The Importance of Risk Assessments for Businesses
FEMA defines resilience as "the capacity of individuals, communities, businesses, institutions, and governments to adapt to changing conditions and to prepare for, withstand, and rapidly recover from disruptions to everyday life, such as hazard events" (Source: FEMA, 2017). Resilience towards all hazards should be a primary focus in protecting your organization, employees, and assets from potential loss.
A few recent statistics help illustrate the risk landscape today:
In 2022, over $165 billion was spent relating to fires, floods, and hurricanes.
It may not be a surprise to some that 100% of businesses were impacted by the COVID-19 pandemic. The impacts of the pandemic include new employee work structures, vaccination requirements, and shifting work environments.
In 2022, there were over 300 active shooter events in the United States.
Based on research, by 2025, cybercrimes are expected to rise to $10.5 trillion.
The first step in protecting your employees and organization is preparedness. To plan for continuity response and recovery efforts, risk assessments are critical to understanding threats that your organization may and will face.
What Is a Risk Assessment?
A risk assessment is a method and tool that identifies all threats and hazards to help better understand what areas of the business are most likely to experience the most significant impact when a disaster occurs. These hazards are put into a ranking system based on the highest impact and probability to your organization. When conducting risk assessments, common questions that experts typically ask are:
What is the probability of this event happening to our organization?
If this event occurs, how much of an interruption will it cause?
What capabilities and mitigation measures do we have if this threat impacts our business?
Have we thought through all the types of threats (human-impacted, vendor, technological, supply chain, natural hazard)?
Why Should Your Organization Build a Risk Assessment Now?
It is critical for your organization to conduct a risk assessment annually. Preparing for hazards and potential interruptions by conducting risk assessments can help an organization avoid losing money or, worse, permanent business closure. When an organization experiences downtime due to a business interruption, the chances of higher losses may occur. These losses could include but are not limited to assets, employees, business income, and customers. It is also essential to improve the recovery time objectives (RTO) to combat the potential losses from the interruption.
Risk assessments are an excellent tool for finding gaps to assess the effectiveness of a continuity plan. Experts in the field want organizations to take an all-hazards approach by outlining the potential risks and avenues you may face, thus being proactive and preparing for recovery operations. The all-hazards approach is "an integrated approach to emergency preparedness planning that focuses on capacities and capabilities that are critical to preparedness for a full spectrum of emergencies or disasters, including internal emergencies and a man-made emergency (or both) or natural disaster." Source: U.S. Centers for Medicare & Medicaid Services, 2017
Additionally, annual updates to risk assessments help organizations avoid misconceptions. Common misconceptions include:
We don’t need a plan because our insurance covers losses.
Reality: It is important to research and speak with your insurance to understand exactly what your plan does and does not cover. More often than not, insurance companies will refuse to cover 100% of the loss from certain types of hazards.
I don't have time to develop a plan.
Reality: It is common for risk assessments and continuity plans to get cut from project timelines and budgets. When an incident and interruption occur, most organizations who do not have a continuity plan say they wish they had made it a priority.

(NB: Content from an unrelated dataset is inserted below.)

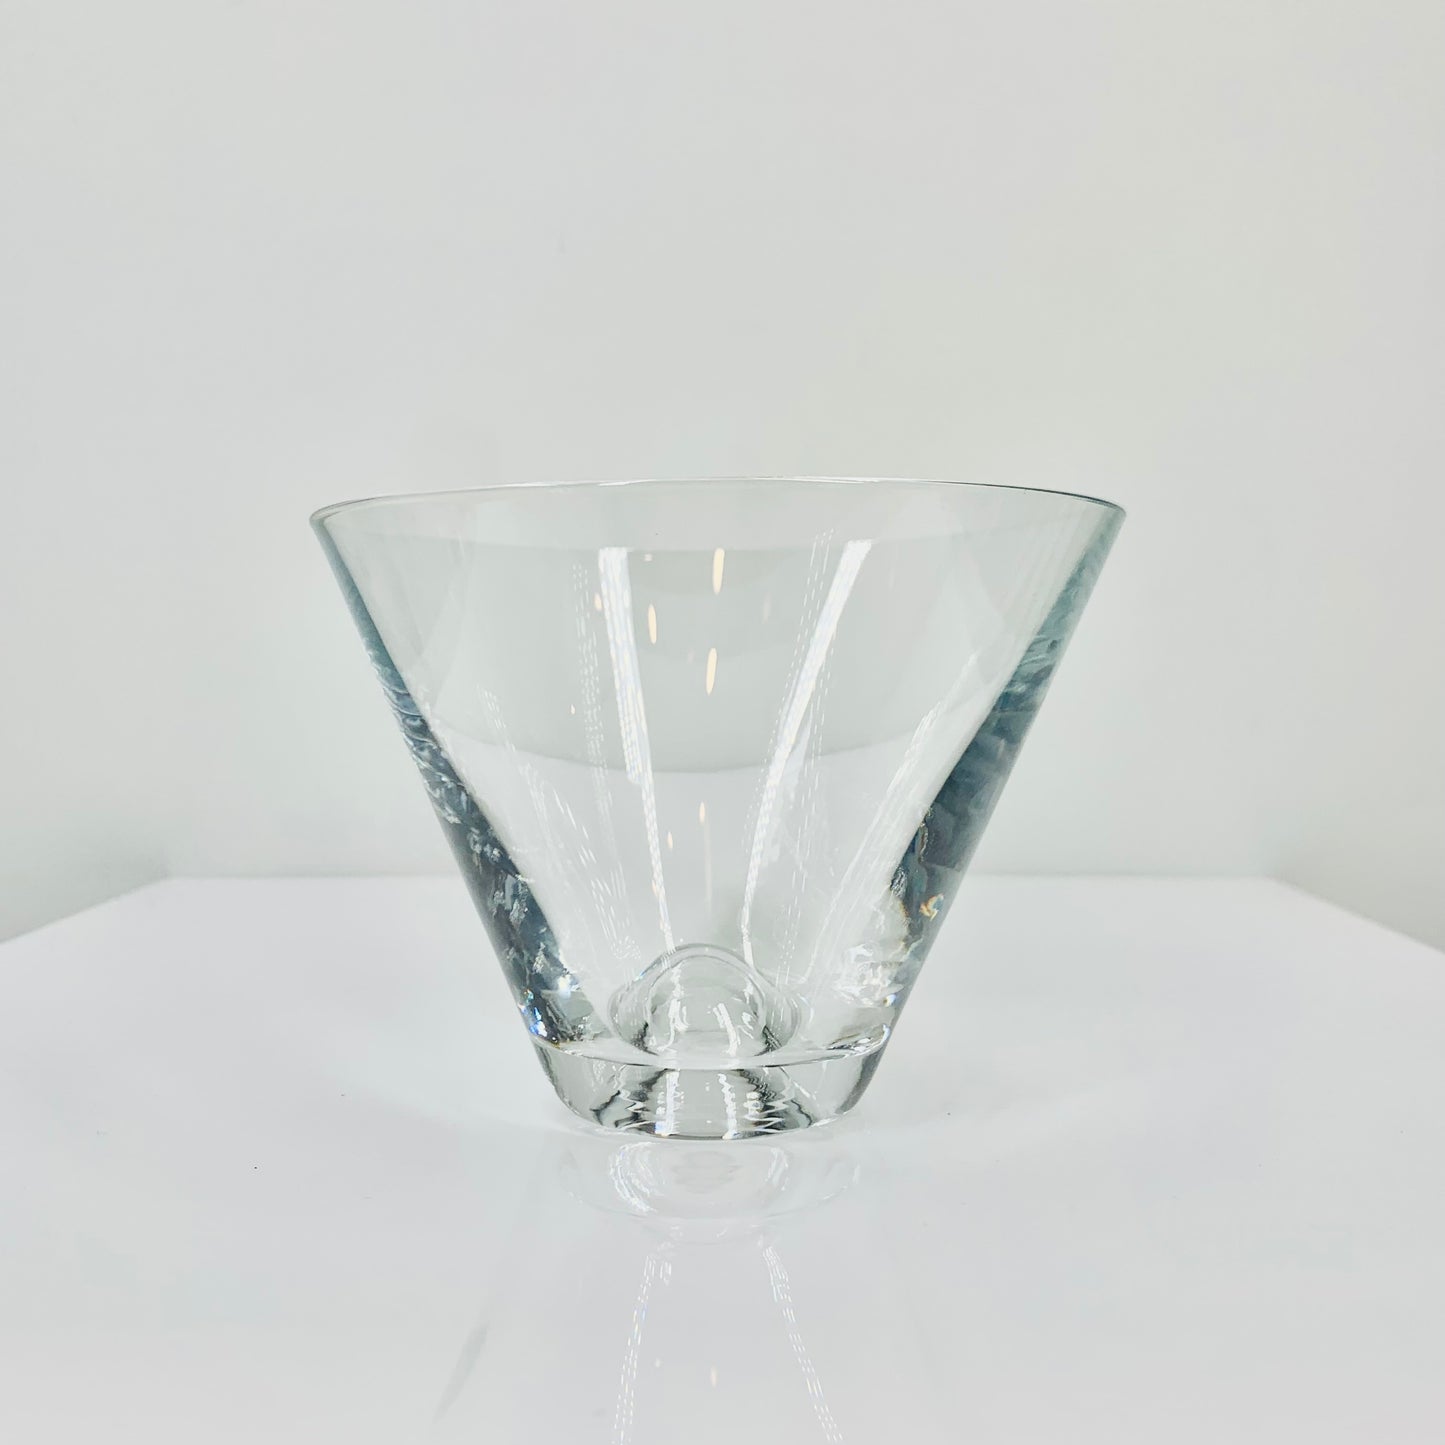 1980s Krosno Poland clear glass bowl with control bubble base

How Should I Get Started in Building a Risk Assessment?
There are many different methodologies and ways to begin developing a risk assessment. The first rule of thumb is to conduct research about what threats your business may face. Research could include using tools such as geographical information systems (GIS) tools, hazard maps, statistic rates, infrastructure plans, and more.
Once research has been conducted, compile a list and rank the hazards on a scale based on the probability of this event occurring and the level of impact it would have on your business.

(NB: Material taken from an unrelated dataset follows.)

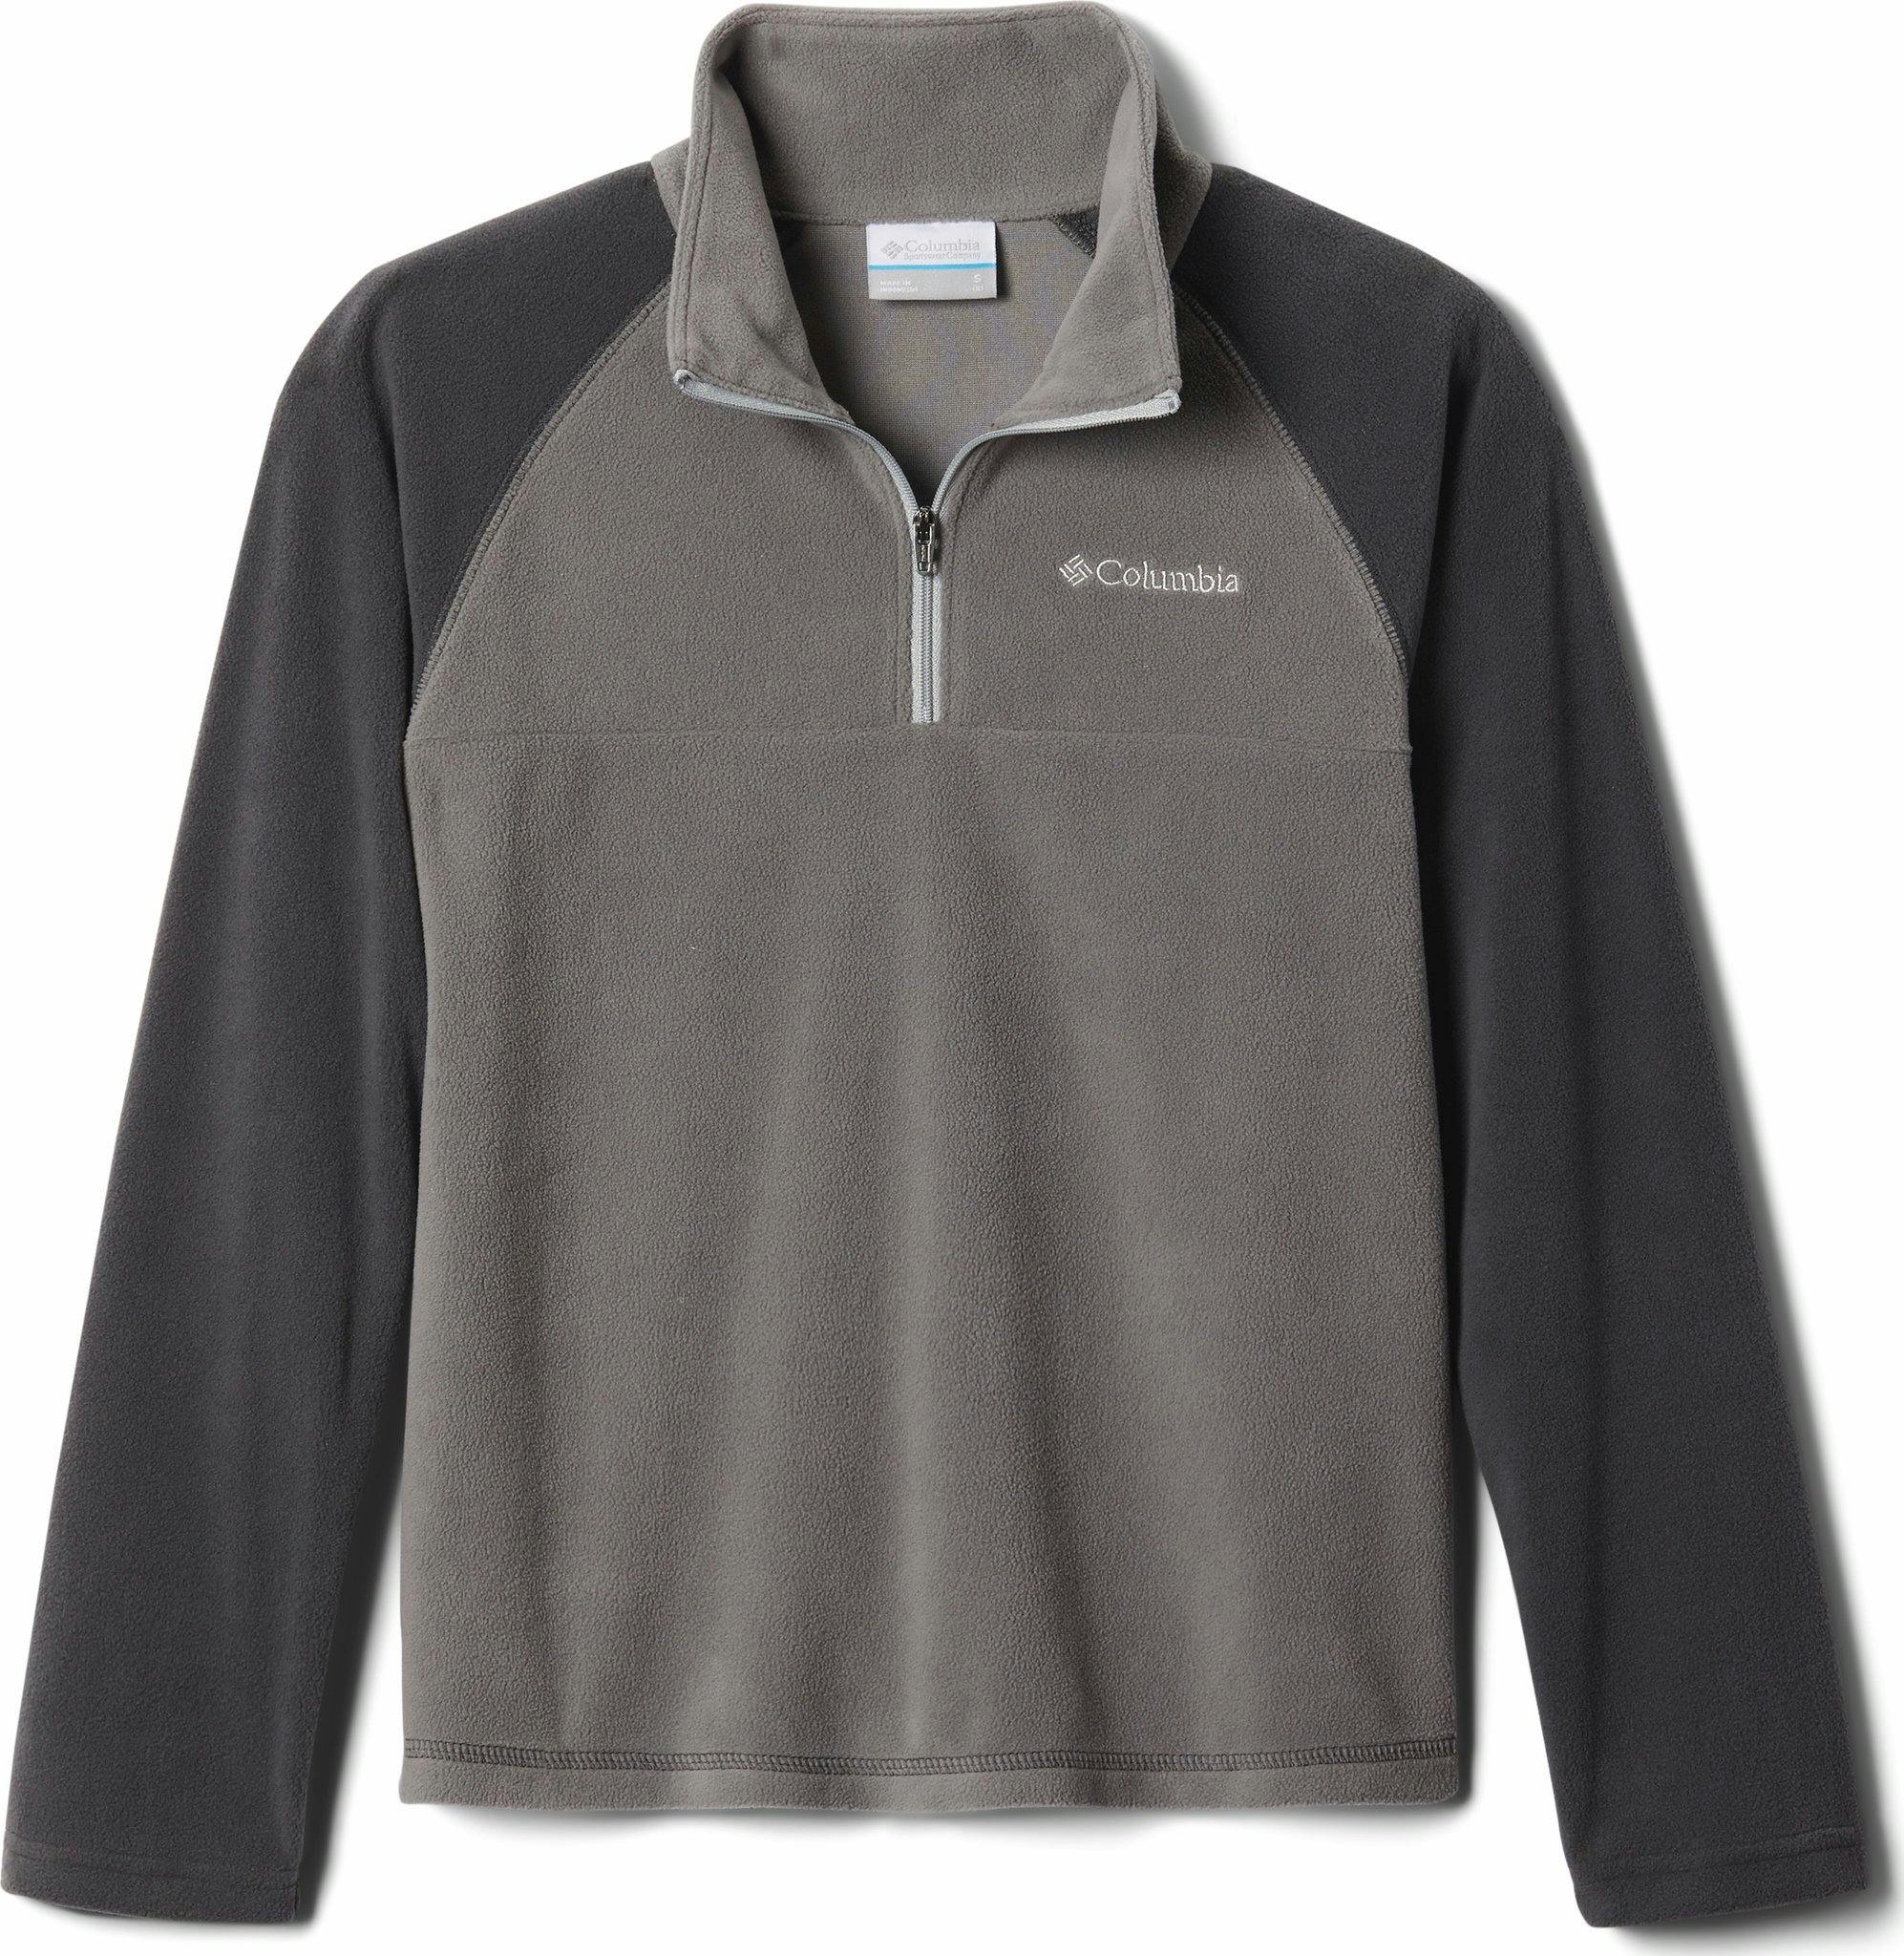 Product image for Glacial Half Zip - Boys

What Other Resources Can I Use?
Invest in software: There are many companies with software tools that will rank and structure threats and risks for your organization, such as Preparis Planner. These software tools are a great resource and take no time to use.
Hire an outside consultant: Experts in the field are trained and certified to conduct risk assessments for organizations and agencies. Using a professional in the field allows for an outside perspective to ensure threats and hazards are not missed. It also saves organizations time to complete a risk assessment and limits the amount of time taken away from other projects and priorities.
Conduct a manual risk assessment: There are multiple methods to conduct a risk assessment, such as a ranking priority system and heat maps. The ranking priority system ranks threats and hazards on a numeric system based on probability and impact. The heat map method plots the threat on a matrix based on probability and impact, which is categorized by colors (red = high; green = low).
Having the research and priority rankings of potential threats and hazards to your business will help strengthen your organization’s continuity plan. It is critical to train and educate employees and staff about the threats your organization may face to improve coordination and communication amongst your team.
At the end of the day, resilience is the goal that companies and organizations should be striving to achieve, and risk assessments are the first step on the road to resilience.